Их пальцы впились в меня, будто острые когти. Я как-то отстраненно посмотрела вниз – на кровати покоилось мое тело, за которым ухаживала Эллен. Я наблюдала за ней, не переставая ощущать жесткую хватку ведьм. Гудрун усмехнулась.

– «И знаю о таком человеке, – только не знаю – в теле или вне тела: Бог знает, – что он был восхищен в рай и слышал неизреченные слова, которые человеку нельзя пересказать», – процитировала она.

Я невольно задумалась о том, из какого источника Гудрун позаимствовала это высказывание, но вскоре все мои мысли спутались.

Мы продолжали подниматься. Комната уменьшалась в размерах, а потом и вовсе исчезла из вида. Ничто не мешало нашему взлету. Ветер обдувал нас со всех сторон, и ледяные градины били меня по лицу.

– Я умерла? Вы поэтому пришли? – спросила я, но в ответ услышала громкий истерический смех.

– Не спрашивай, по ком звонит колокол, – проговорила Гудрун с отрывистым немецким акцентом. «Колокол» она произнесла по-немецки.

Они снова разразились смехом, шутке, понятной лишь им. Ведьмы не разнимали рук, замыкая колдовской круг, и мы завертелись все быстрее и быстрее, а затем стали пикировать вниз.

Мы падали, пока под нами не возник странный мир, уже готовый к нашему прибытию. Ведьмы отпустили меня: я с глухим стуком ударилась и покатилась по земле. Значит, я не потеряла физическую плотность.
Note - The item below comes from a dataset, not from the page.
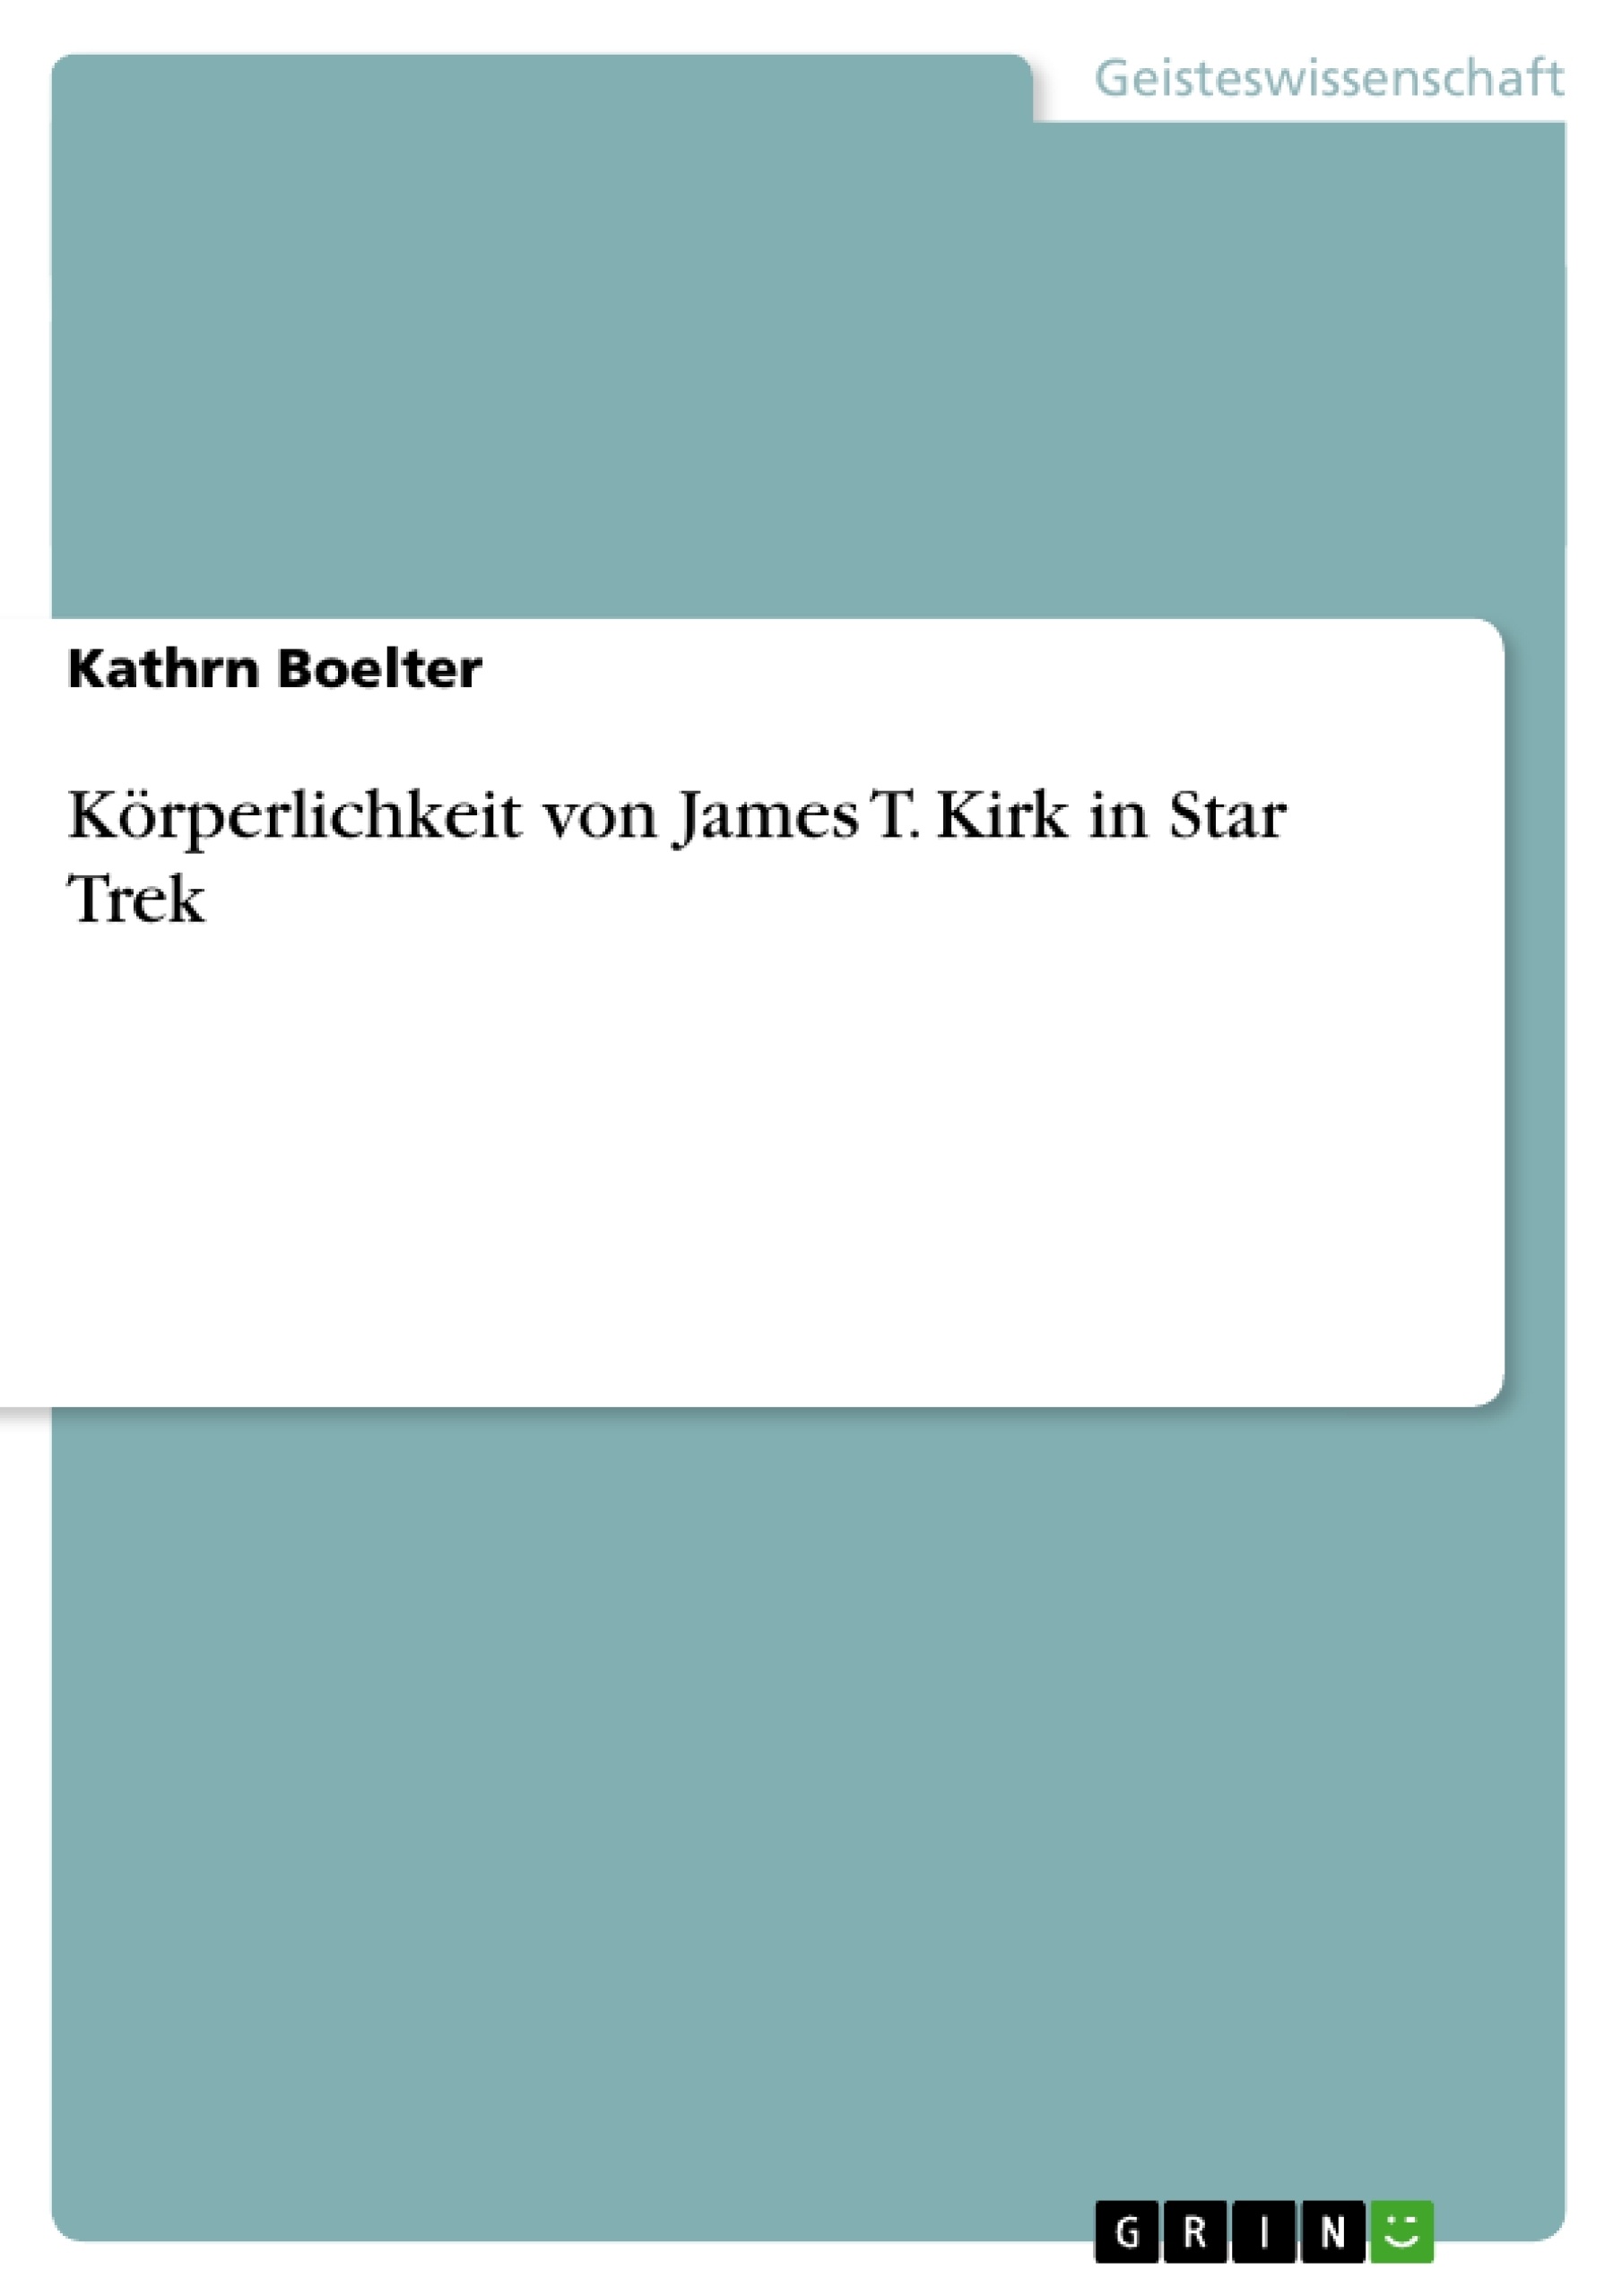 Título: Körperlichkeit von James T. Kirk in Star Trek

Возможно, эта реальность тоже имела физические параметры, хотя я вообще не представляла, куда мы перенеслись.

– Встань! – приказала Эмили.

Я спешно огляделась, ища, куда спрятаться, но обнаружила, что нахожусь на бескрайней зеленой равнине, над которой распростерлось безбрежное звездное небо.

– Встань, я сказала.

Она дернула меня за рукав. Вот что происходит с мертвыми, удивилась я. Теперь я превратилась в бесплотное существо, отягощенное памятью о теле и мучимое чудовищной фантомной болью?

Раздалось гудение, как от басового терменвокса, и я обернулась. Позади меня завис предмет в форме колокола. Он медленно вращался. Я различила на его нижнем крае гравировку, напоминающую руны. Черные ведьмы захихикали. В моем мозгу теснились тысячи вопросов. Где мы? Что это такое?

– Почему бы тебе не оставаться мертвой навсегда? – обратилась я к Эмили.

– Вот как она теперь с матерью разговаривает, – ответила Эмили и расхохоталась. От ее металлического смеха меня пронизала дрожь.

– Я видела твое обезглавленное тело, – добавила я. – Гудрун тебя убила. Использовала твою плоть, чтобы выполнить заклинание. Она хотела наказать тебя таким образом.

Эмили скрестила руки на груди.

– Доченька, ты невероятно доверчива.

Гудрун подплыла к Эмили и заботливо обняла ее за плечи.

– Я просто хотела ее наградить, дорогая.

– В принципе сам процесс был неприятен, но, полагаю, ты согласишься, что ради бессмертия можно и потерпеть боль, верно? – спросила Гудрун мою мать.

– Конечно, – кивнула Эмили и посмотрела на меня: – Ты слышала, милая? Я бессмертна. По-настоящему. И все благодаря тебе и моим глупым сестрам и брату.

– Необходимо не очень большое количество энергии, но при этом требуется особенная магия, чтобы выполнить заклинание, которое я проделала с твоей матерью. Магия душ.

– Геенна… – прошептала я.

– Да, геенна, – повторила Эмили. – Твой голем продержал портал открытым достаточно долго, а Гудрун взяла столько магии, сколько нужно.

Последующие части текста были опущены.